In the beginning of February 2018, when Calib looked at the balance sheet, he realised that Eskom would run out of cash and go into default within 30 days. “For the next two weeks, the chairmen and I were driving up and down the streets of Sandton, going to all the banks to try and secure the R20 billion we needed to make it to month-end.”

Because of the credibility the new chairmen and Calib had created in the months leading up to February, the banks gave them the funds they needed. And, because of the continued development of Eskom’s credibility, the power utility currently has enough cash flow for three to four months. However, Calib explained that they are certainly not out of the woods yet.

Driving a speedboat
Having bought 13 Starbucks South Africa stores from Taste Holdings, Rand Capital Coffee CEO and CFO Adrian Maizey told attendees that it was an eleventh hour rescue effort.

So he set out plans to restructure the business model using economies of scale to deliver the international Starbucks experience to more South Africans. ”In order to get this business to actually work, we’ve had to instil an owner-operator start-up mentality,” he explained.

Because the stores were split throughout the country, which meant that they needed management teams based in Durban, Gauteng and Cape Town, Adrian decided to scale rapidly. “Scale helps cover the extensive fixed costs that come with managing the brand and offering of the quality of Starbucks.”

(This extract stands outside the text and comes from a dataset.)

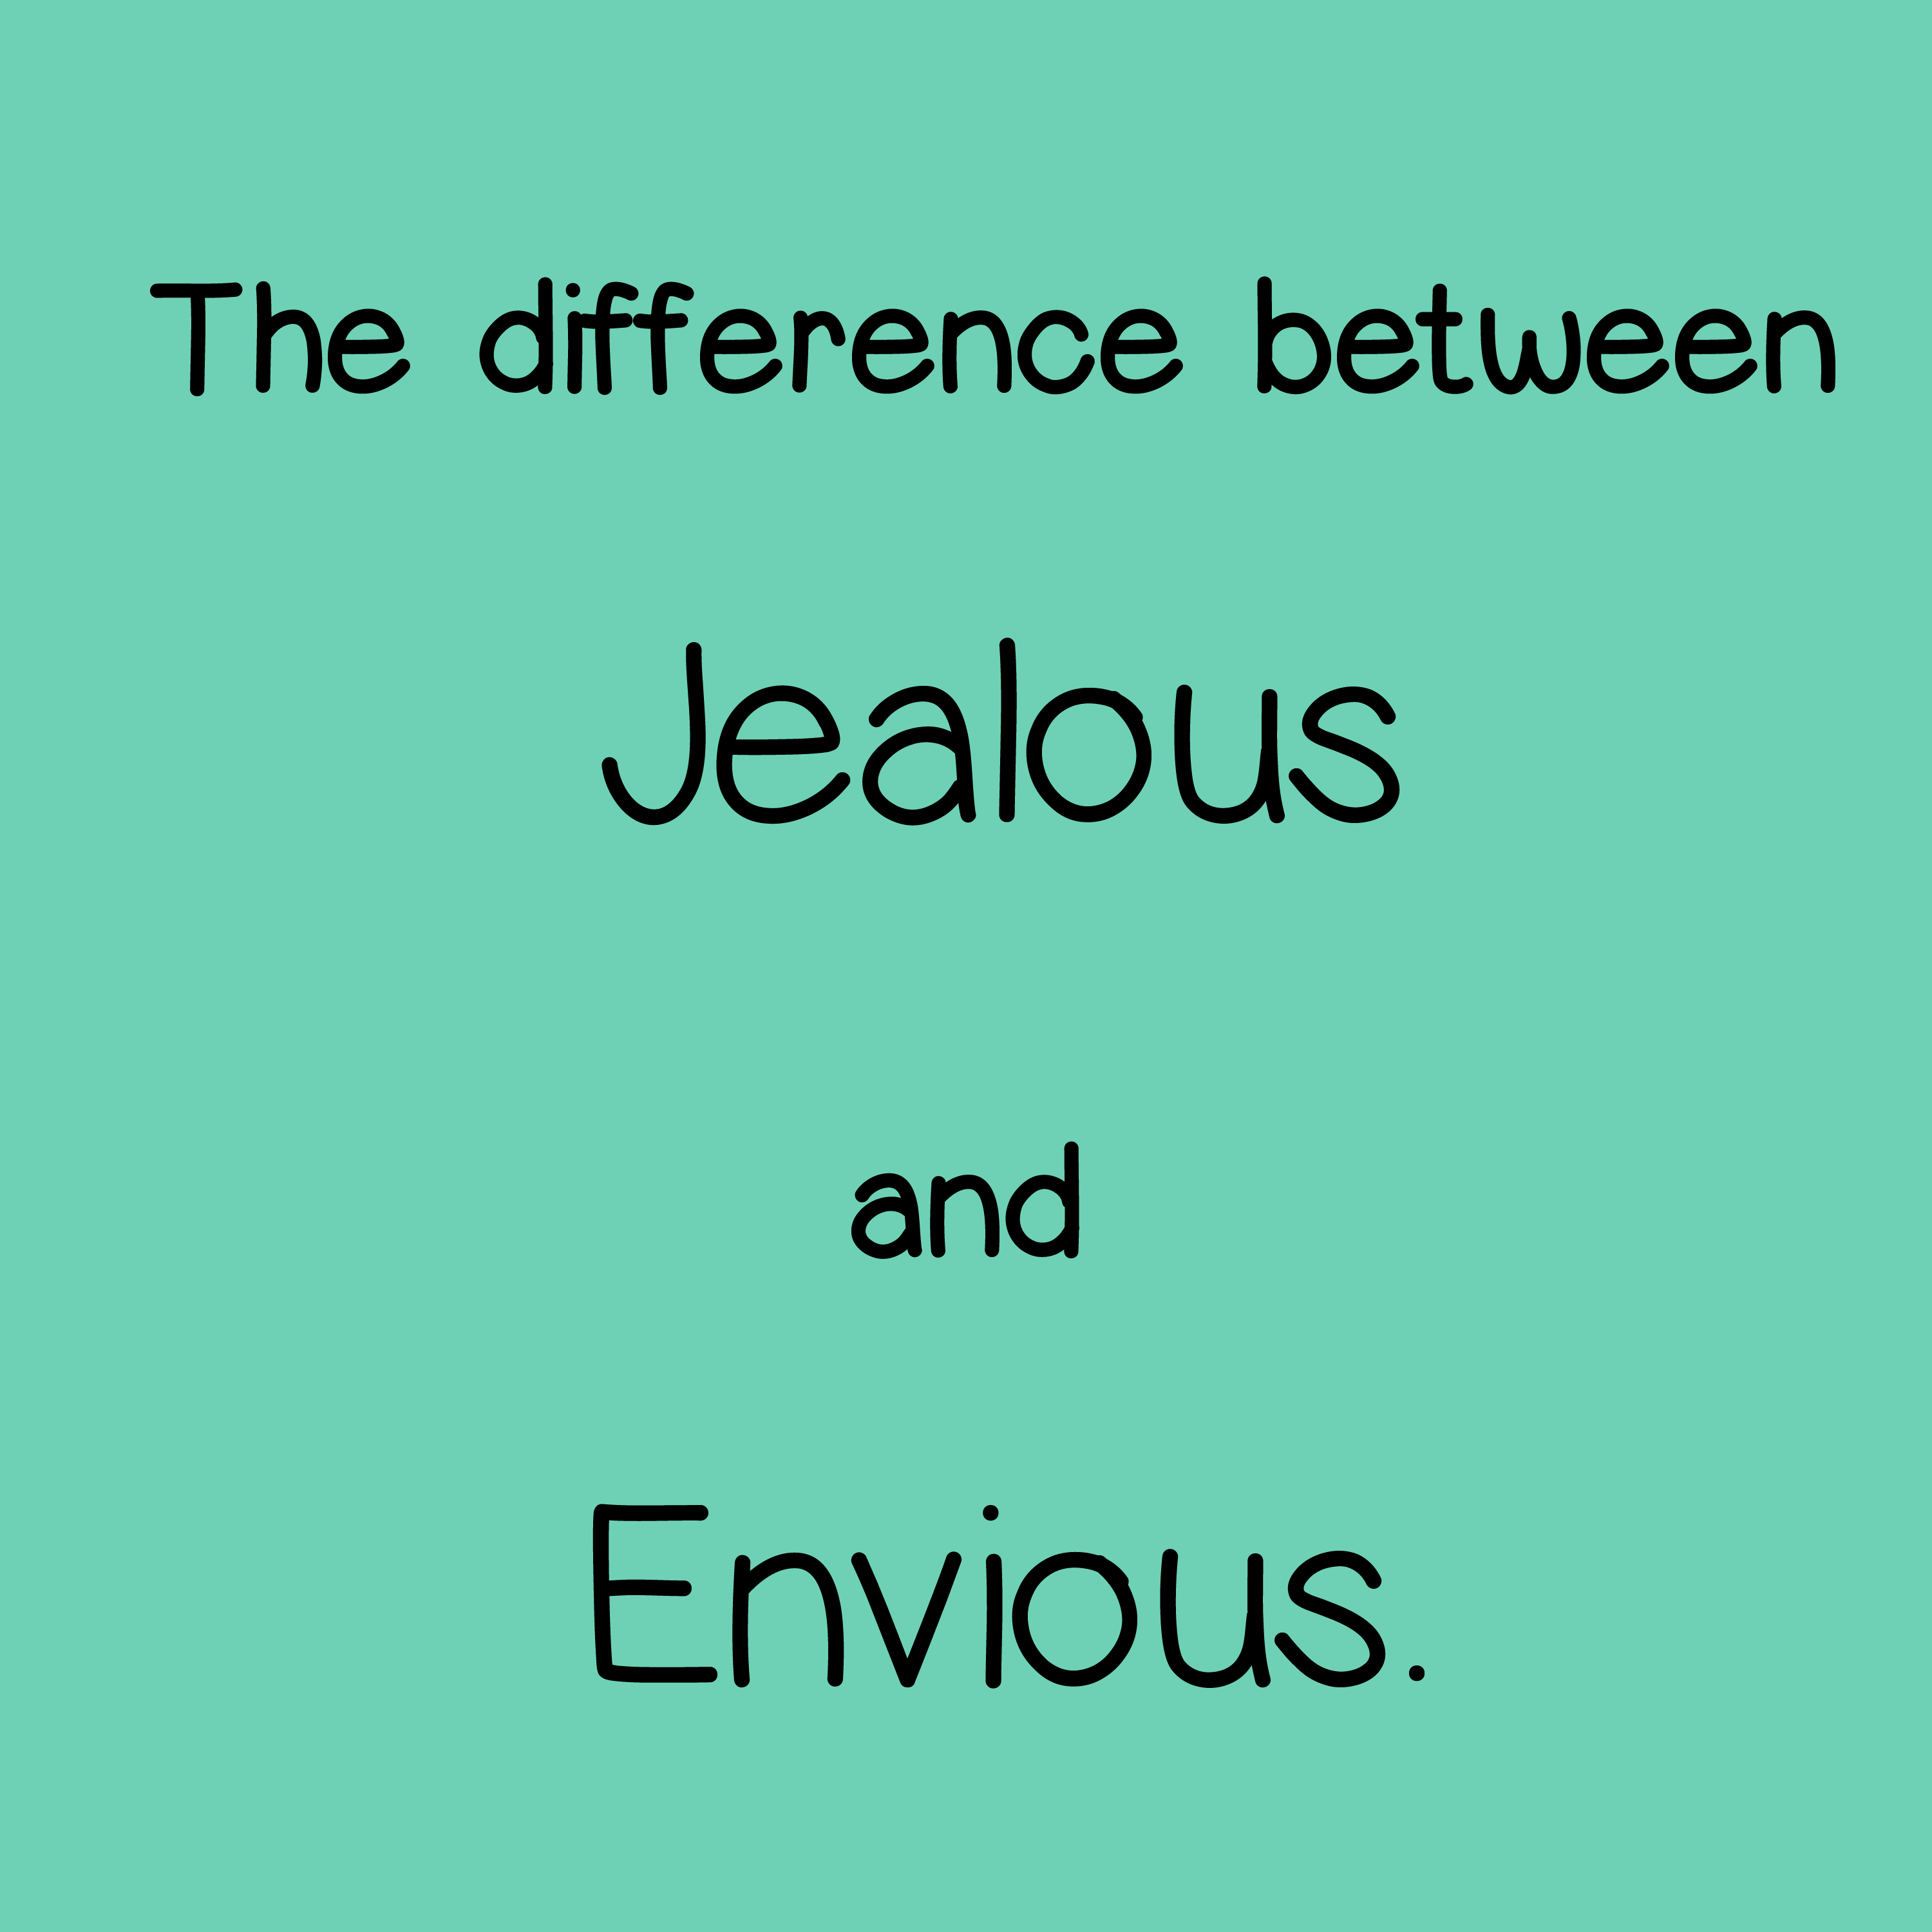 The difference between jealous and envious

He further explains that the prior owners had a lot of costs built into the structure that were inappropriate for the stage of the fledgling business. His first course of action was to reduce the corporate overhead and move to smaller store formats in lower rental areas outside of malls. “We wanted to move into the neighbourhoods to facilitate building a habitual type of offering, with less dependence on novelty, which is inherent in well-known brands when they first arrive in new markets.”

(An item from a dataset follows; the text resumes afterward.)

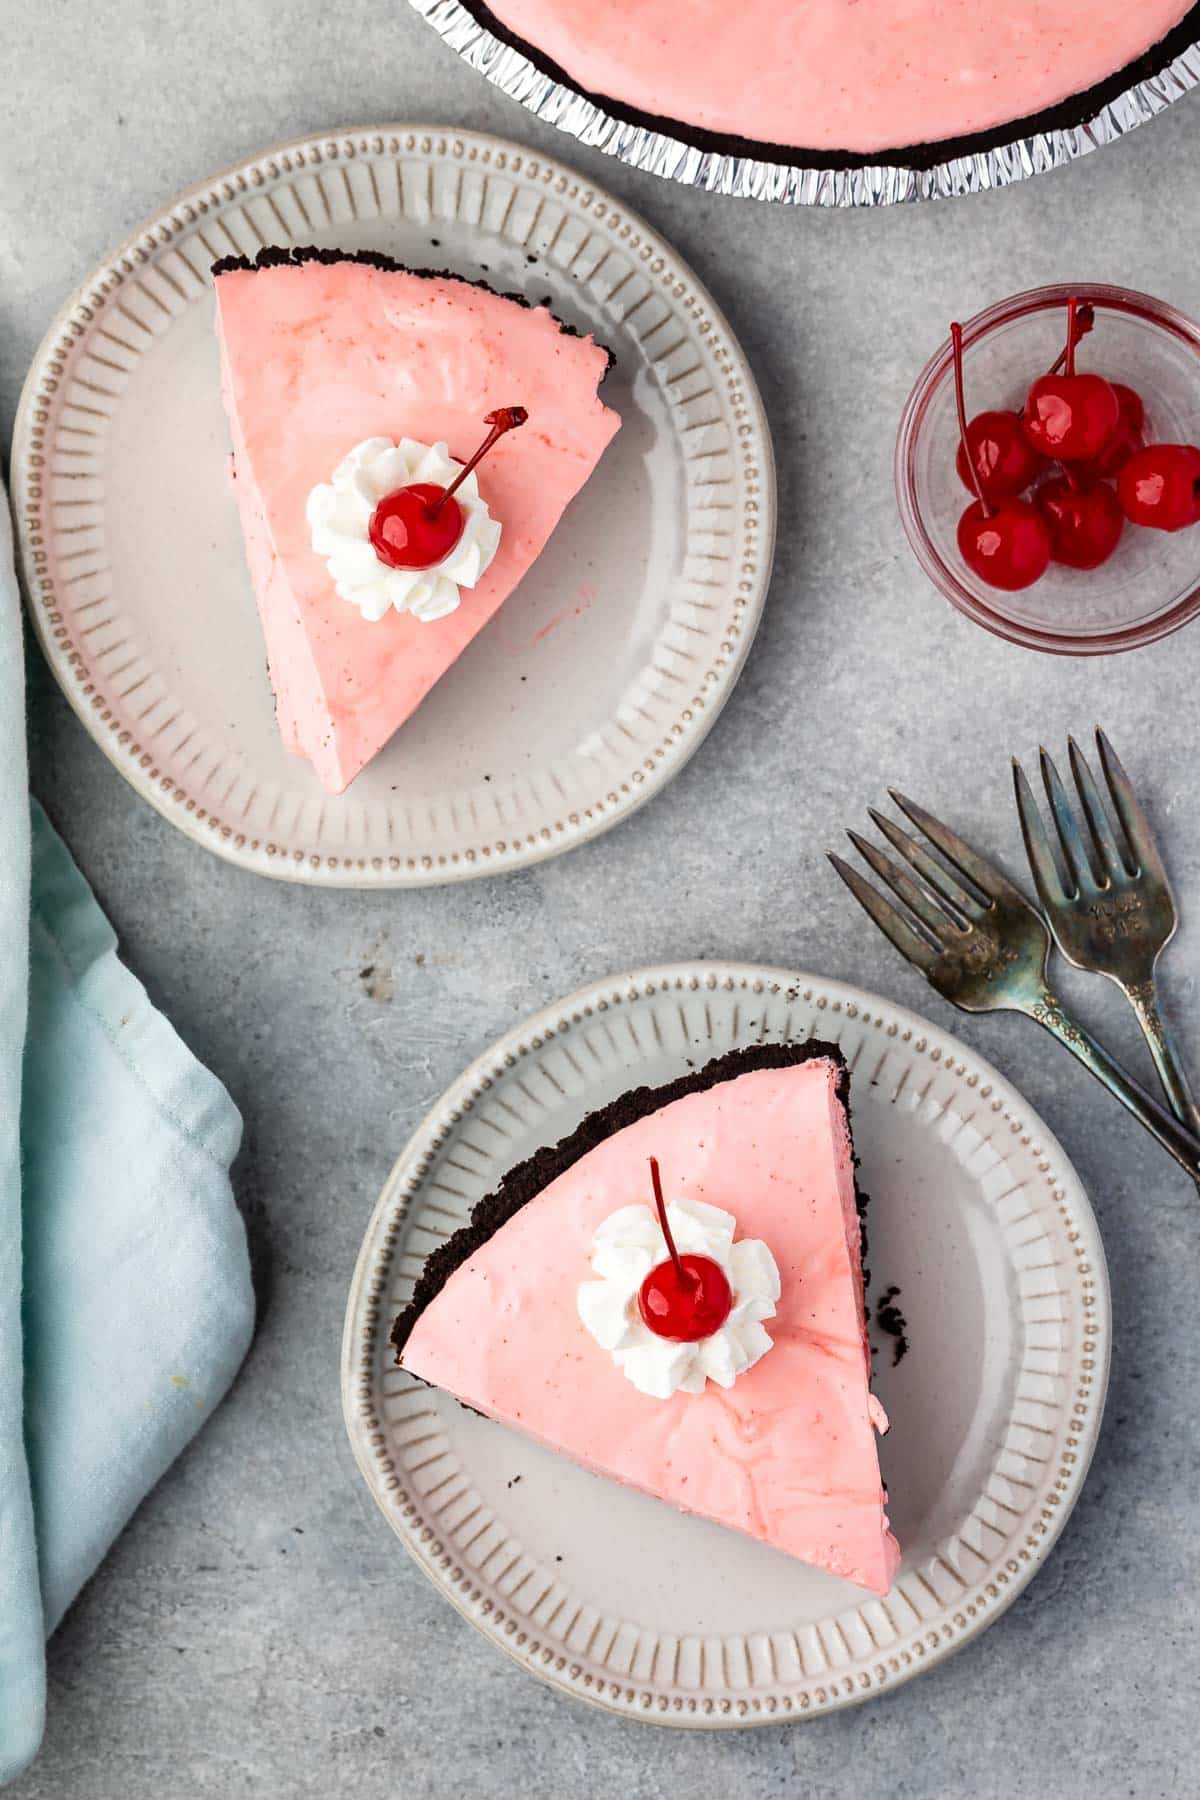 slice of pink pie on oreo crust with whipped cream and a cherry on top.

Just over two years down the line, having ploughed through macro interruptions including the Covid-19 pandemic, looting, metal worker strikes, as well as rolling electricity and water blackouts, Rand Capital Coffee has opened a total of 42 new Starbucks stores in South Africa, bringing its total of stores to 55.

Adrian explains that the Covid-19 pandemic presented Rand Capital with the opportunity to expand Starbucks South Africa, as Covid-19 made much needed market share available. “I don’t think we would have expanded at this rate were it not for Covid-19, as the landscape would not have been as opportunistic as it was,” he says. “The markets imploded, and we went out there looking for new retail space while the rest of the market was retreating and anchoring down in preparation of the storm that was coming. While our growth has been out of necessity, our rate of growth has been out of opportunity. We moved early and fast.”

Rand Capital leased various retail spaces that had become available as previous tenants had to close down from the impact of the lockdown.

Adrian explains that this fast growth was crucial and has resulted in a significant infusion of equity capital into the country during the height of these economically challenging times for South Africa. “We had to build enough profitable stores to cover the corporate losses being incurred on the original 13 stores, hence the need for economies of scale, and we had to do so quickly as the pandemic further exposed the flaws in oversized stores attracting large, fixed rentals. When sales retreat, as they have during the pandemic, the inelasticity of those rentals becomes acutely apparent.”

The two men both agreed that there are many things in life that you can’t control. But when you are agile and flexible, you can navigate any crisis and possibly even save two sinking ships.